TASK OBJECTIVE: Using the data below, reproduce exactly the lines from the line with "Implausibility of Gnus" to the line with "Wooden Photo Album", both included; pictures must be dropped.

DATA FOR PROCESSING:
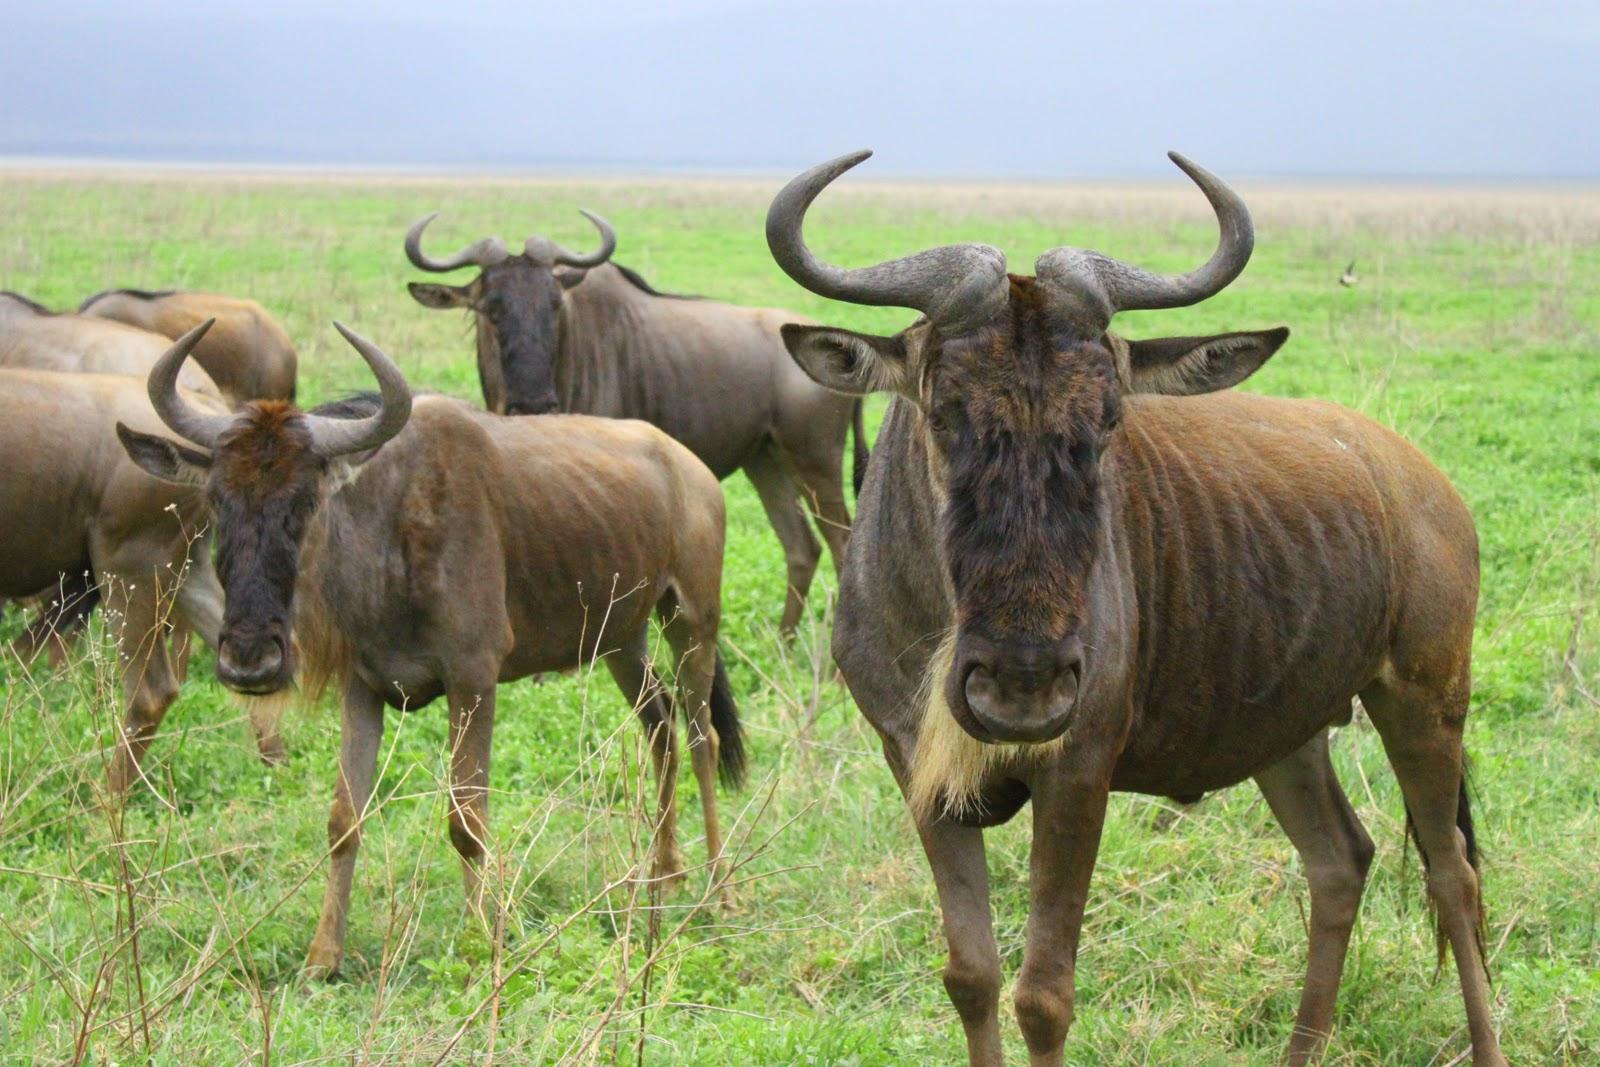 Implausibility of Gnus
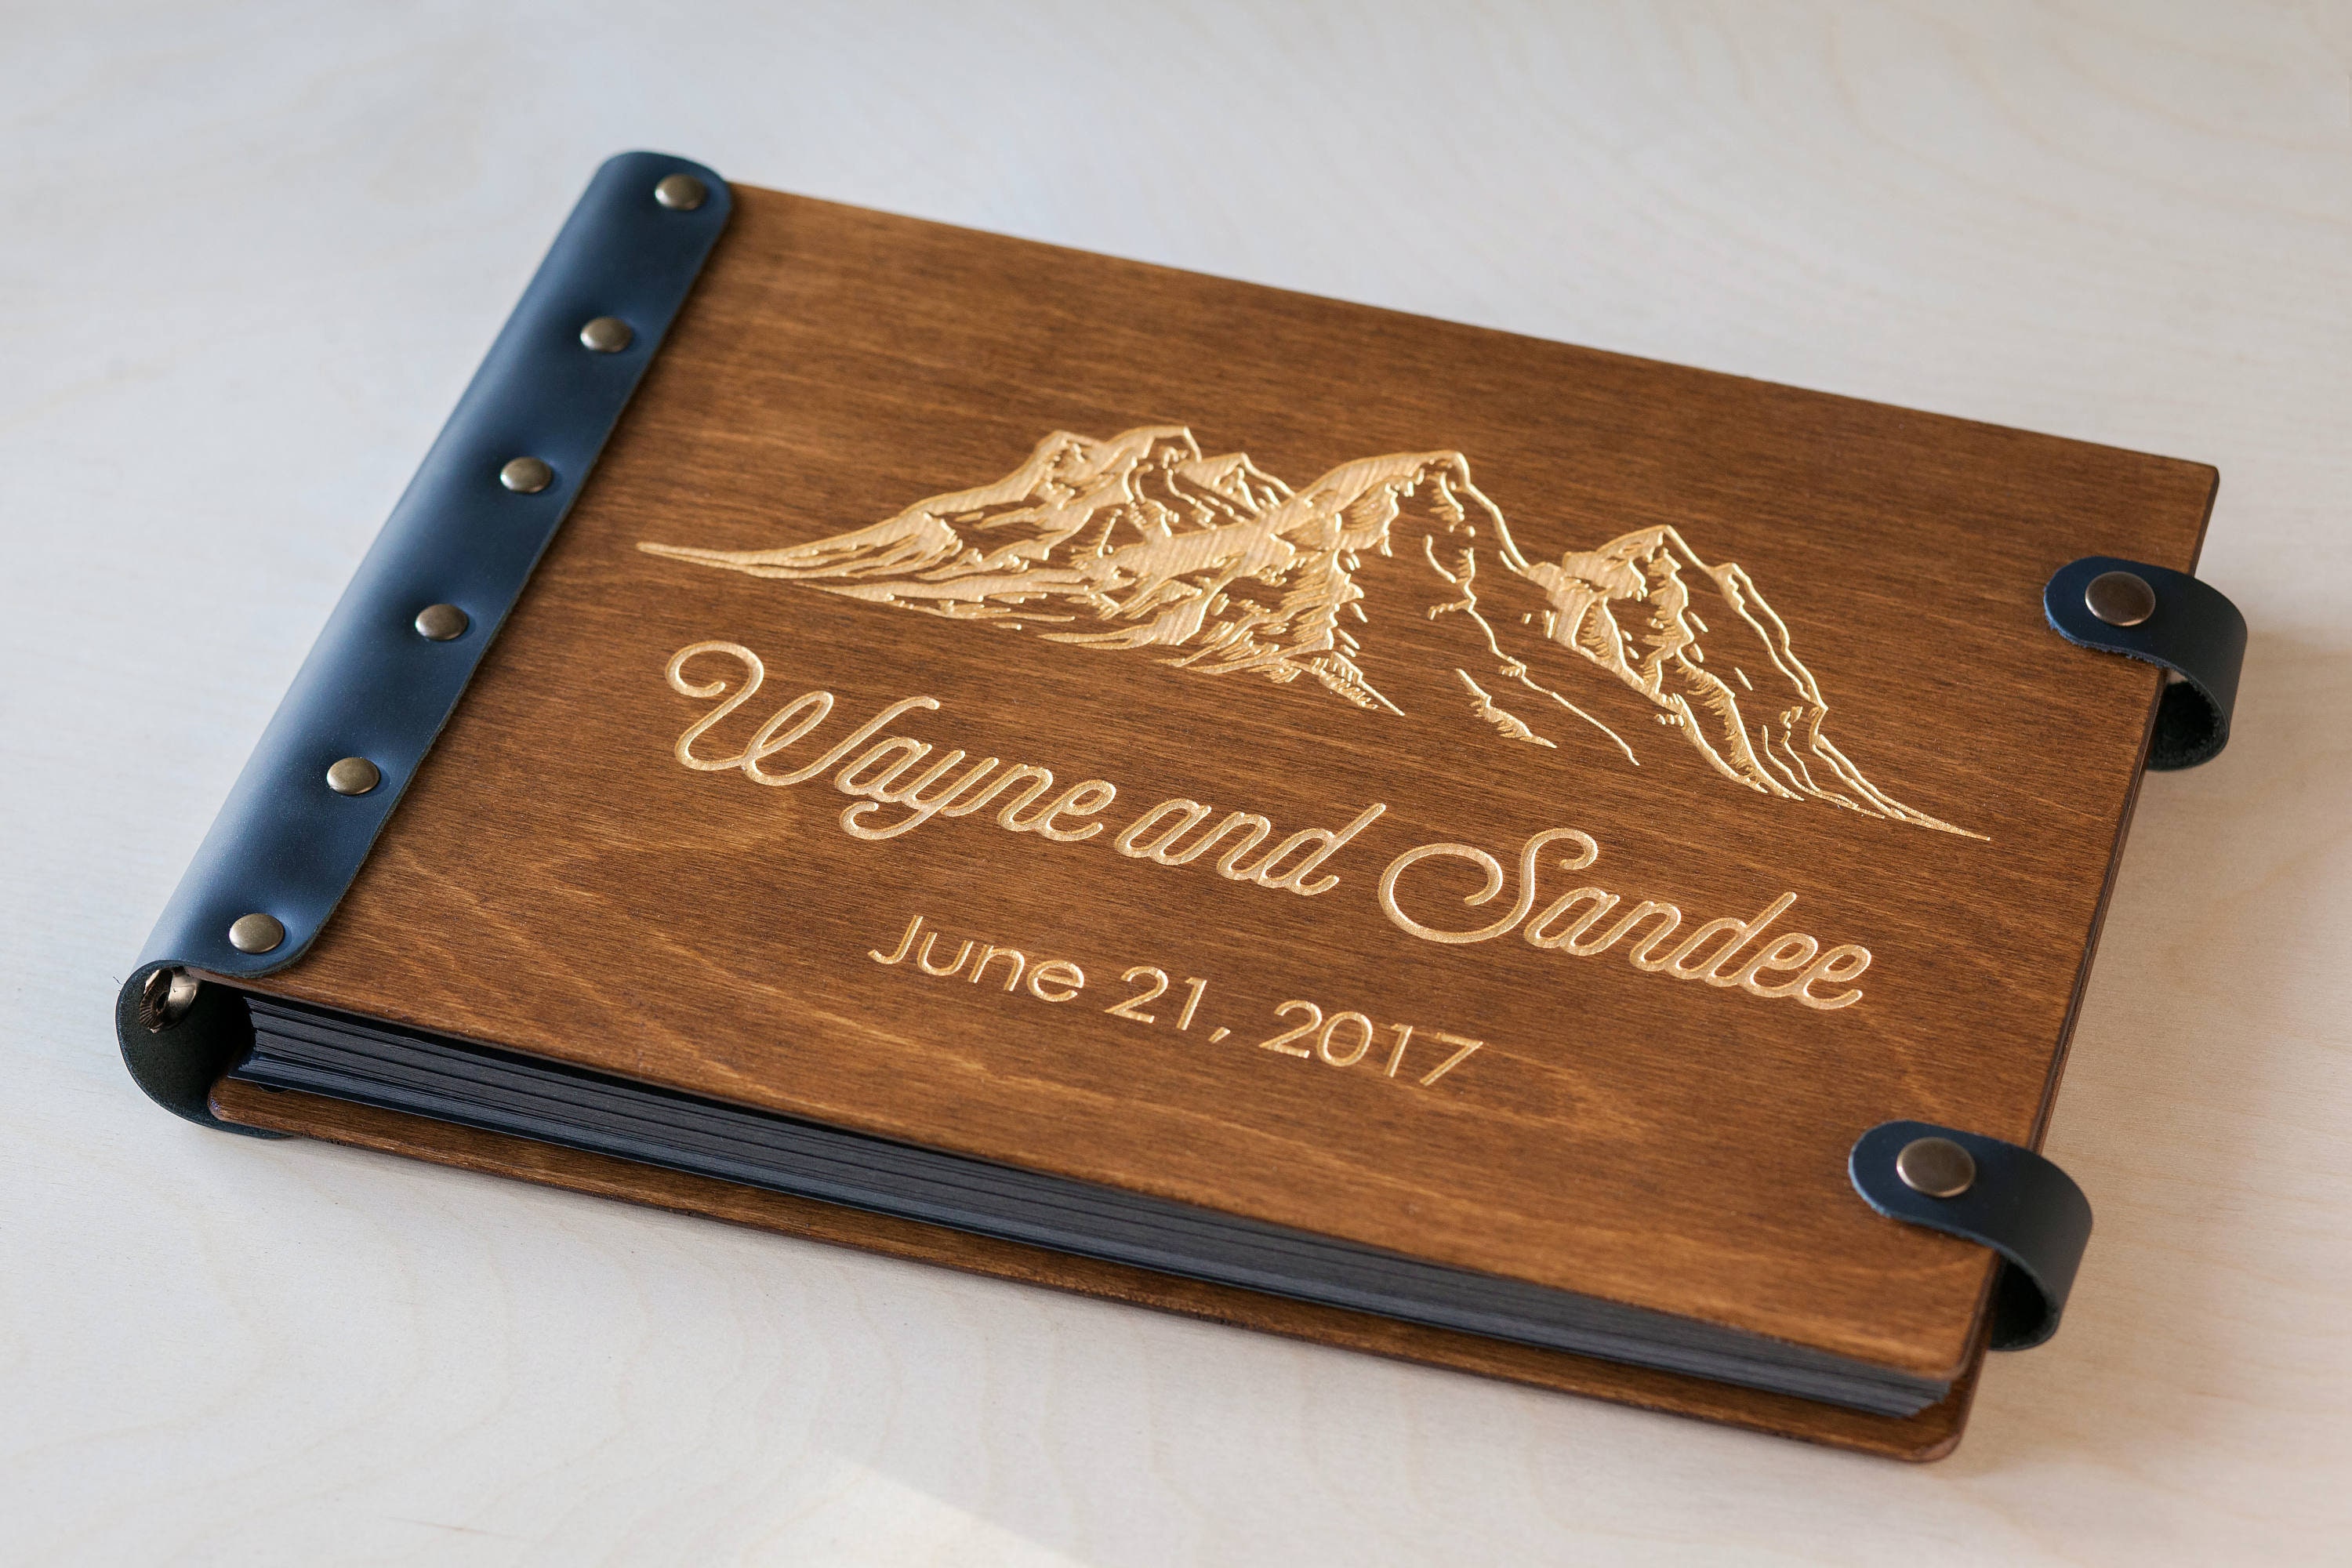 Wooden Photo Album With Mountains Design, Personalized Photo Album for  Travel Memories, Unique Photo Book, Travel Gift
==
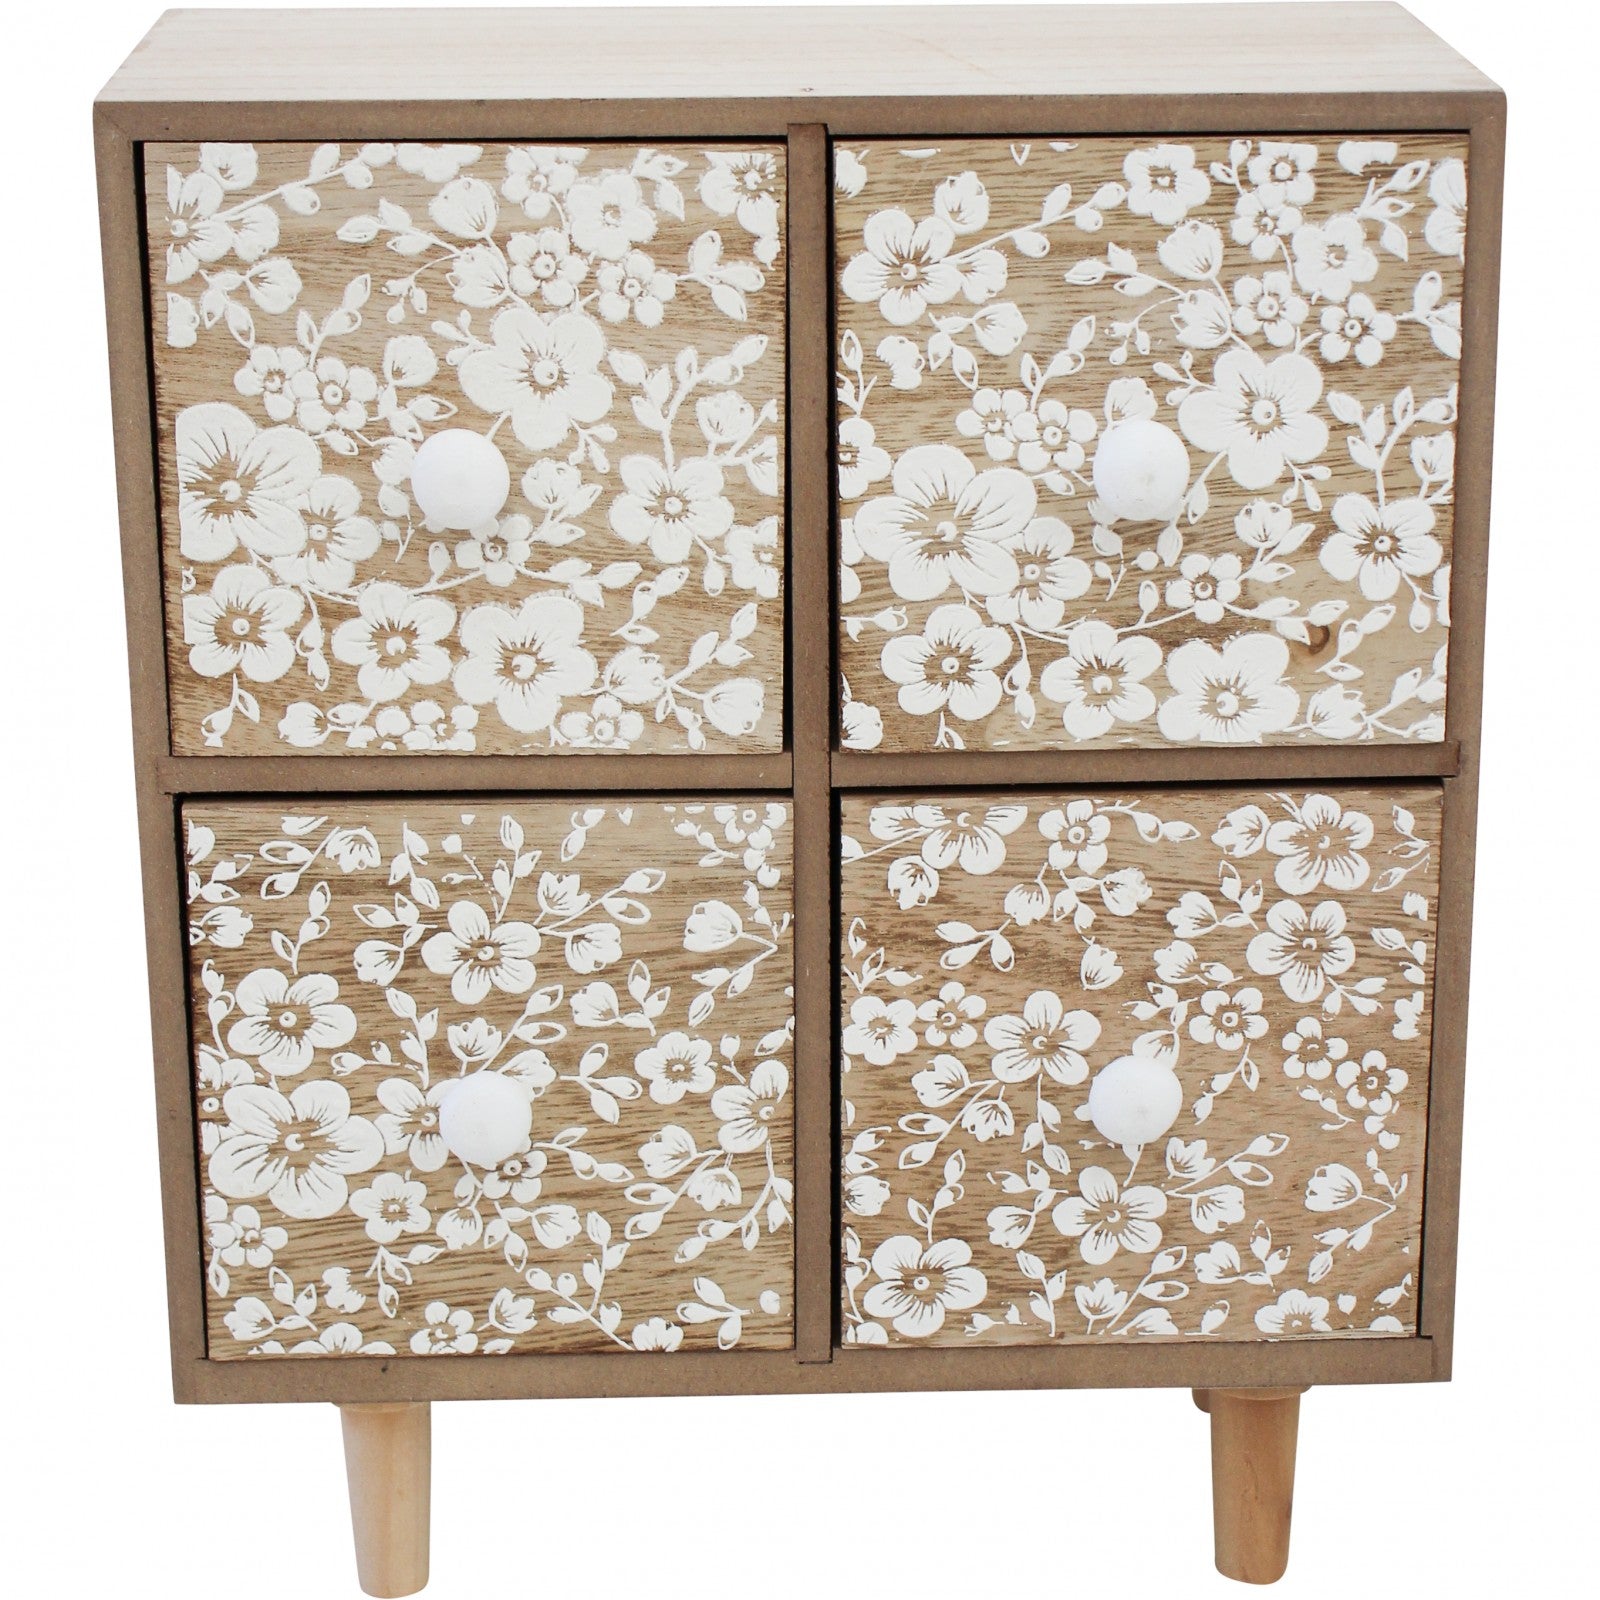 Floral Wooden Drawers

EXERCISE RESULT:
 Implausibility of Gnus
 Wooden Photo Album With Mountains Design, Personalized Photo Album for  Travel Memories, Unique Photo Book, Travel Gift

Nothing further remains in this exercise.